The night before, I sat, like a creepy spectator, watching people traverse the shore. Humanity observed. A gaggle of teenage girls gathered under a light and took turns taking pictures of each other. Boys clambered atop rocks while their friends took pictures and egged them on. Earlier in the day, a group of young women were snapping selfies at the end of the canal pier, leaning up and considering climbing up on the concrete wall to get a good shot. I hustled my family away, muttering I’m not diving in if one of these dumbasses falls off the pier.

I try to resist the old lady in me that simply can’t comprehend the picture-taking craze. From an anthropological standpoint, I suppose it’s the modern “Kilroy was here” – trying to establish our presence, our significance in a universe where we’re proportionally as important as specks of dust. People say it’s all about likes and views, but what are those, except attempts to feel like we matter in a world that is largely ignorant of our existence?
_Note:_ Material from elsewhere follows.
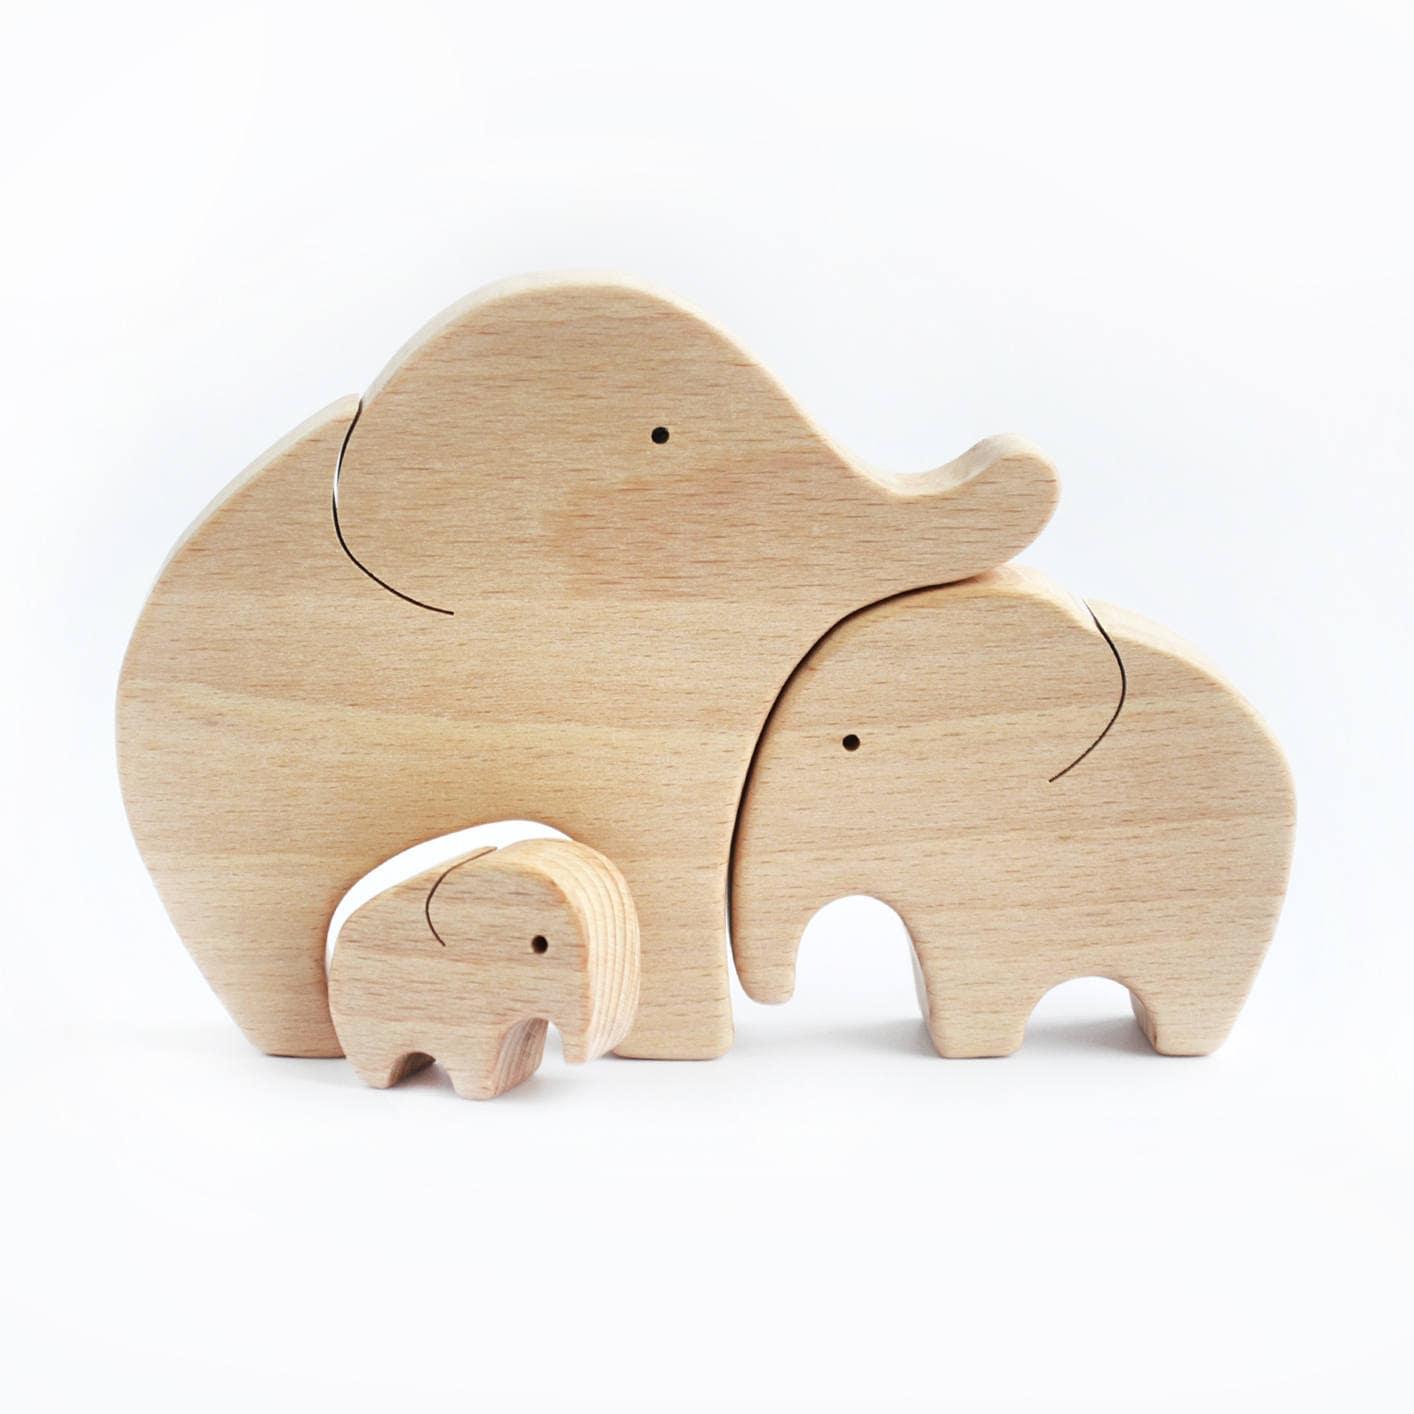 Holz Elefant Rätsel Kinderzimmer Dekor Elefant Spielzeug

30008950I’ve been reading Emily Esfahani Smith’s The Power of Meaning: Crafting a Life That Matters. The nihilist in me scoffs – well, no matter what we do, it doesn’t really matter, does it? But I’ve taken the author’s point that if we’re here, our lives only have the meaning with which we imbue them. This is the whole purpose of religion, social media, and storytelling – to have rudders in this tumultuous pond we call life. But if the stories we create about our lives, be it through words or pictures, take on more weight than curiosity about life beyond our personal selves, then we are living a life based on finding bandages for our insecurities.

As a person who sees the world in words and tends not to find meaning in visual representations, it’s hard not to judge someone who pops out their phone camera at the drop of a hat. But my curiosity demands that I work through my judgments, that I try to figure out why someone does something. There are times when the selfie-taking is disruptive (concerts) or dangerous (on the wall at the end of pier) or disrespectful (Auschwitz). Mostly though, it is uninteresting, poorly framed human distraction. An imitation of life.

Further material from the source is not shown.